Plaintiff may not pursue any claims for equitable relief for violations of the consent decree, such claims must be pursued through the consent decree or class counsel. Frost v. Symington, 197 F.3d 348, 358-59 (9th Cir. 1999); Crayton v. Terhune, No. C 98-4386 CRB(PR), 2002 WL 31093590, *4 (N.D. Cal. Sept. 17, 2002). Although Plaintiff may be able to pursue a damages claim under section 1983, Hiser v. Franklin, 94 F.3d 1287, 1291 (9th Cir. 1996), the conclusory allegations set forth in Plaintiff's complaint do not support such a claim for a damages claim under section 1983. Nor does the statement that Defendant Adams "knew or should have known" link Defendant Adams to knowledge of any risk of harm to Plaintiff or an act or failure to act in response. Iqbal, 129 S. Ct. at 1948.

IV. Conclusion and Order

For the reasons stated, Plaintiff's complaint does not state a cognizable claim for relief for a violation of his constitutional rights. Plaintiff is granted one final opportunity to file an amended complaint within thirty days in compliance with this order and the order issued on December 29, 2009. Noll v. Carlson, 809 F.2d 1446, 1448-49 (9th Cir. 1987). Plaintiff may not change the nature of this suit by adding new, unrelated claims in his amended complaint. George v. Smith, 507 F.3d 605, 607 (7th Cir. 2007) (no "buckshot" complaints).

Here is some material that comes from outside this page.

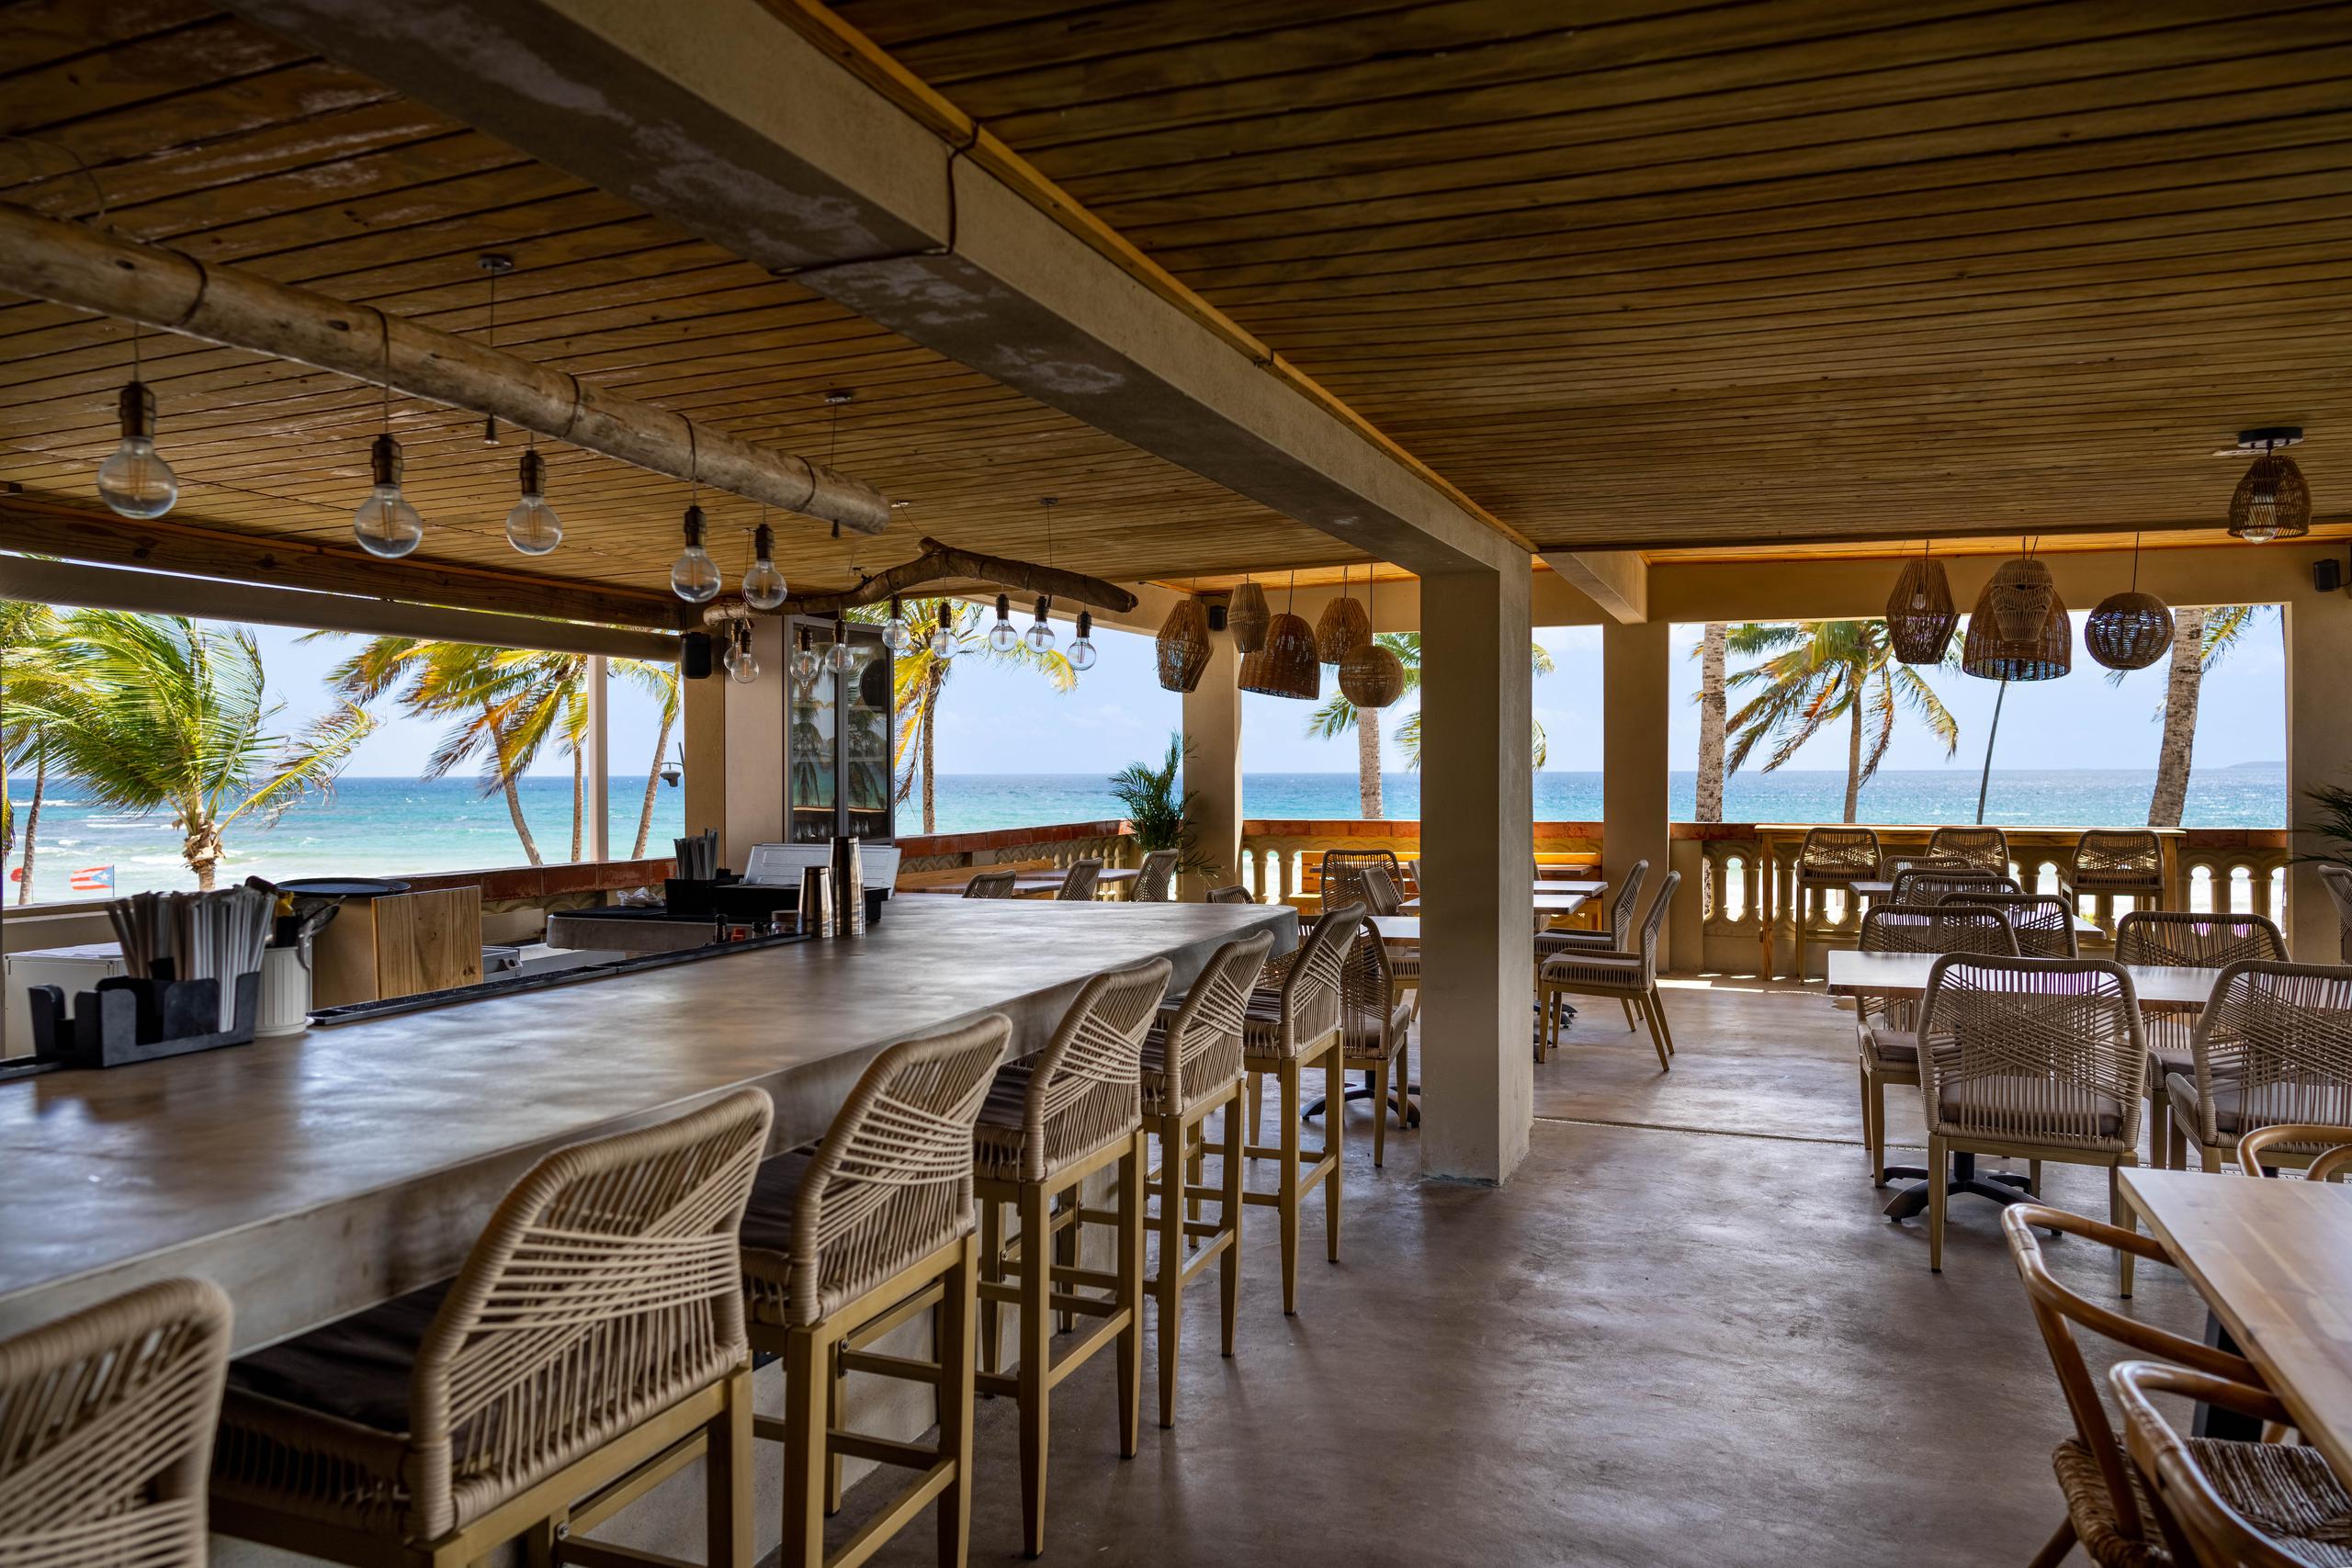 El sonido del mar y los hermosos atardeceres son parte de los atractivos de Luquillo Sunrise Beach Inn.
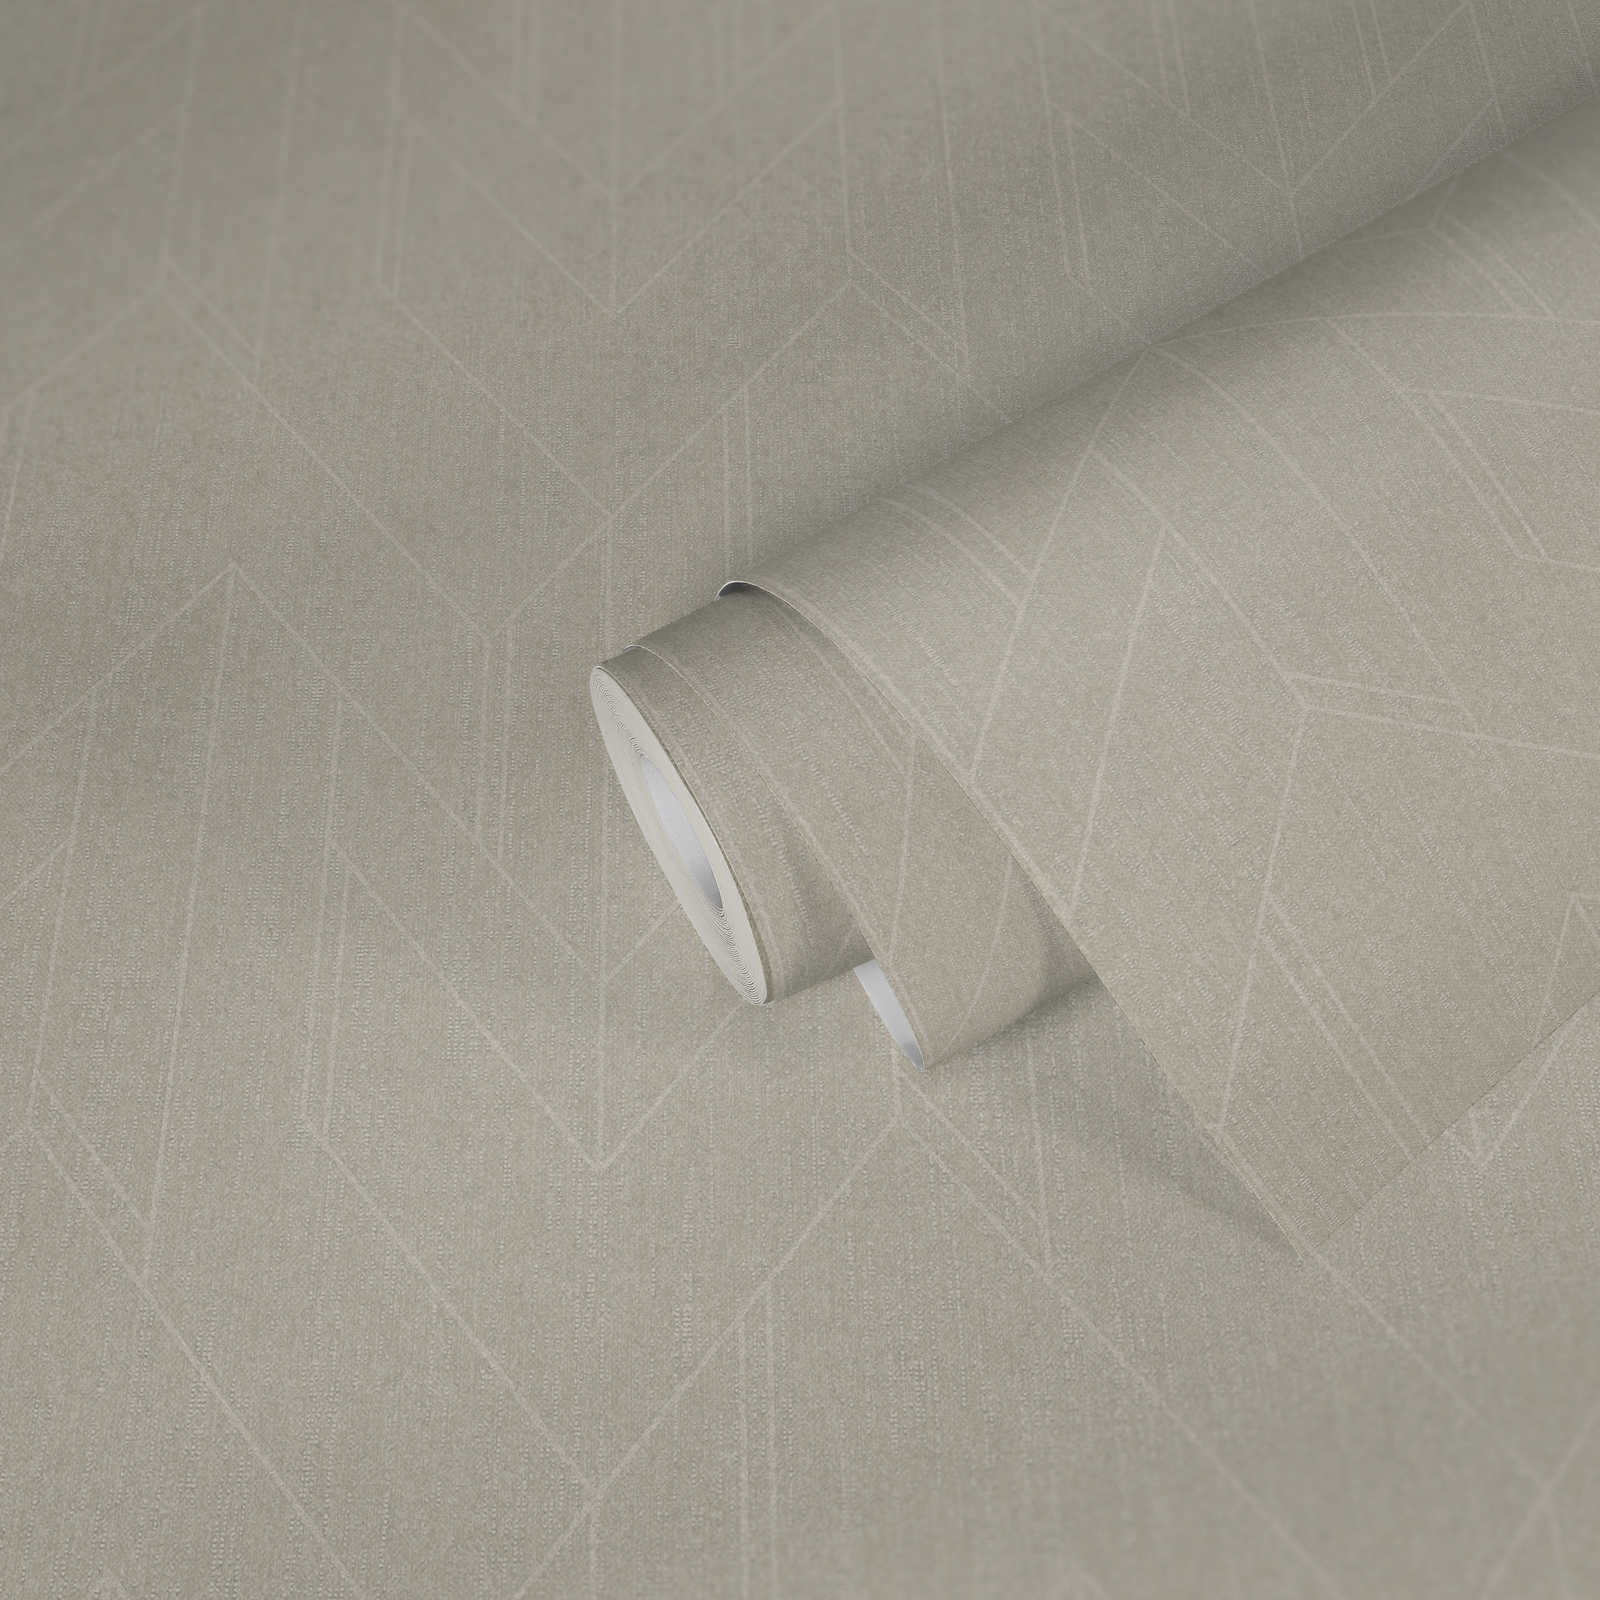             Papier peint gris clair aspect textile avec motif brillant de style rétro - Gris

Plaintiff's amended complaint should be brief, Fed. R. Civ. P. 8(a), but must state what each named defendant did that led to the deprivation of Plaintiff's constitutional or other federal rights, Iqbal, 129 S. Ct. at 1948-49. "The inquiry into causation must be individualized and focus on the duties and responsibilities of each individual defendant whose acts or omissions are alleged to have caused a constitutional deprivation." Leer v. Murphy, 844 F.2d 628, 633 (9th Cir. 1988). Although accepted as true, the "[f]actual allegations must be [sufficient] to raise a right to relief above the speculative level . . . ." Twombly, 550 U.S. at 555 (citations omitted).

Finally, an amended complaint supercedes the original complaint, Forsyth v. Humana, Inc., 114 F.3d 1467, 1474 (9th Cir. 1997); King v. Atiyeh, 814 F.2d 565, 567 (9th Cir. 1987), and must be "complete in itself without reference to the prior or superceded pleading," Local Rule 220. "All causes of action alleged in an original complaint which are not alleged in an amended complaint are waived." King, 814 F.2d at 567 (citing to London v. Coopers & Lybrand, 644 F.2d 811, 814 (9th Cir. 1981)); accord Forsyth, 114 F.3d at 1474.

Based on the foregoing, it is HEREBY ORDERED that:

1. The Clerk's Office shall send Plaintiff a civil rights complaint form;

2. Plaintiff's complaint, filed April 9, 2010, is dismissed for failure to state a claim upon which relief may be granted under section 1983;

3. Within thirty (30) days from the date of service of this order, Plaintiff shall file an amended complaint; and

4. If Plaintiff fails to file an amended complaint in compliance with this order, this action will be dismissed, with prejudice, for failure to state a claim.